Stand-alone example:
```
triton-shared-opt --triton-to-linalg %file
```

### Backend Component
The middle layer can also be used as a component in a Triton back-end by
adding the cmake targets it produces and its headers files to that
back-end. An example back-end will be published at a later date.

## Implementation details

Even though a valid triton program can perform load and store in
arbitrary memory locations, the prototype only supports lowering
programs that have structured memory access patterns.

### Analyses

As part of the conversion process, there are three important analyses:

1. Pointer analysis:
+ This analysis is responsible for extracting structured memory access
patterns from a `triton` program during load and store; it walks the IR
and visits relevant instructions to build strided memory accesses in the
`memref` dialect. The analysis is still in its early stage and does not
support all scenarios.

2. Use analysis:
+ After "Pointer analysis", instructions that are part of memory address
calculation will no longer be necessary in a triton program because
their semantics have now been captured by `memref` operations
representing strided memory accesses. To aid with removing these
instructions safely, we perform `Use analysis` to mark which
instructions are used *only* in address calculation (called `MetaUse`)
or used in *both* address calculation and data manipulation (called
`MixedUse`) operations.
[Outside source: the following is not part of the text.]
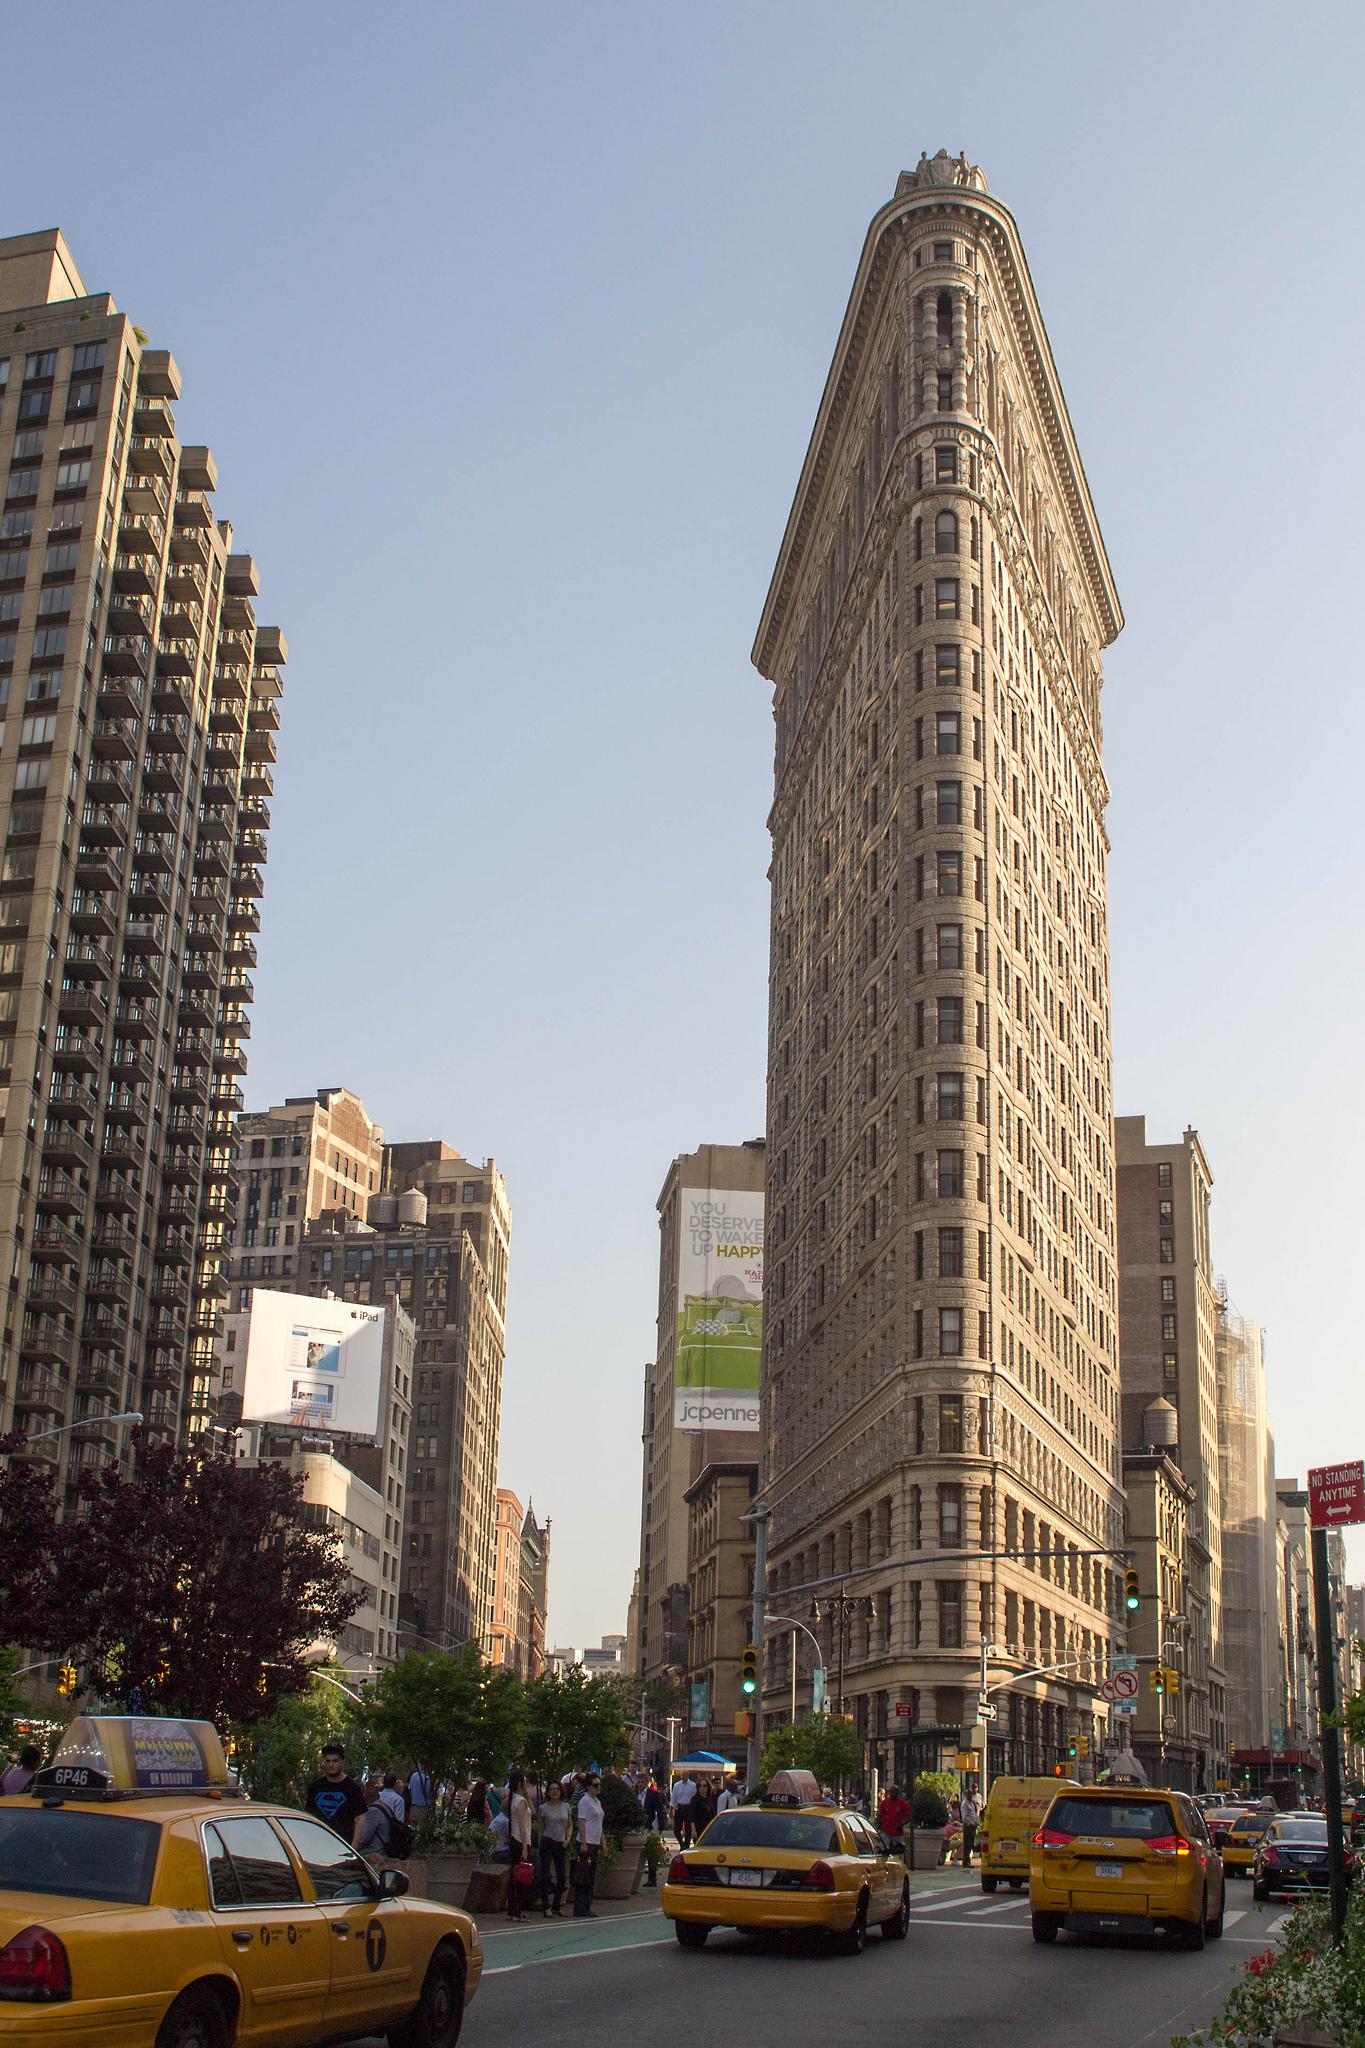 flatiron building new york. Black Bedroom Furniture Sets. Home Design Ideas

Those that are `MixedUse` are cloned and have
their users adjusted accordingly with the goal of separating out the
`MetaUse` ops so that they can be safely deleted.

3. Mask analysis:
    + This analysis is responsible for handling masked loads and stores.

### Conversion strategy

We introduce the `TritonToLinalg` pass that converts the `triton`
dialect to the `linalg` dialect on *tensors*. This means the resulting
IR is fully compatible with `linalg` tiling and fusion transformation
passes. As mentioned in the `Pointer analysis`'s description, we do
however have to deal with memref instructions at the load and store
boundaries and have to convert them to tensors using
`bufferization.to_tensor`. Here's a simple example of what the IR looks
like:

```mlir
tt.func @kernel(%afloat : !tt.ptr<bf16>, %res : !tt.ptr<bf16>) {
  %0 = tt.make_range {end = 128 : i32, start = 0 : i32} : tensor<128xi32>
  %1 = tt.splat %afloat : (!tt.ptr<bf16>) -> tensor<128x!tt.ptr<bf16>>
  %2 = tt.addptr %1, %0 : tensor<128x!tt.ptr<bf16>>, tensor<128xi32>
  %afm = tt.load %2 {cache = 1 : i32, evict = 1 : i32, isVolatile = false} : tensor<128xbf16>
  %3 = "tt.reduce"(%afm) ({
  ^bb0(%arg5: bf16, %arg6: bf16):
    %21 = arith.addf %arg5, %arg6 : bf16
    tt.reduce.return %21 : bf16
  }) {axis = 0 : i32} : (tensor<128xbf16>) -> bf16
  tt.store %res, %3 : bf16
  tt.return
}
```

after conversion:

```mlir
func.func @kernel(%arg0: memref<*xbf16>, %arg1: memref<*xbf16>, %arg2: i32, %arg3: i32, %arg4: i32) {
    %cst = arith.constant 0.000000e+00 : f32
    %reinterpret_cast = memref.reinterpret_cast %arg0 to offset: [0], sizes: [128], strides: [1] :
        memref<*xbf16> to memref<128xbf16, strided<[1]>>
    %alloc = memref.alloc() : memref<128xbf16>
    memref.copy %reinterpret_cast, %alloc : memref<128xbf16, strided<[1]>> to memref<128xbf16>
    %0 = bufferization.to_tensor %alloc restrict writable : memref<128xbf16>
    %1 = bufferization.alloc_tensor() : tensor<f32>
    %inserted = tensor.insert %cst into %1[] : tensor<f32>
    %reduced = linalg.reduce ins(%0 : tensor<128xbf16>) outs(%inserted : tensor<f32>) dimensions = [0]
      (%in: bf16, %init: f32) {
        %3 = arith.extf %in : bf16 to f32
        %4 = arith.addf %3, %init : f32
        linalg.yield %4 : f32
      }
    %extracted = tensor.extract %reduced[] : tensor<f32>
    %2 = arith.truncf %extracted : f32 to bf16
    %reinterpret_cast_0 = memref.reinterpret_cast %arg1 to offset: [0], sizes: [1], strides: [1] :
        memref<*xbf16> to memref<1xbf16, strided<[1]>>
    affine.store %2, %reinterpret_cast_0[0] : memref<1xbf16, strided<[1]>>
    return

}

```

Important details to note:

+ `tt.load` (together with all of its related address calculation
instructions such as `tt.addptr` and `tt.splat`) are lowered to a
combination of `memref.reinterpret_cast`, `memref.alloc`, and
`memref.copy`. After the initialization of the local buffer, we convert
the memref back to a tensor using `bufferization.to_tensor`; this op is
automatically removed during bufferization.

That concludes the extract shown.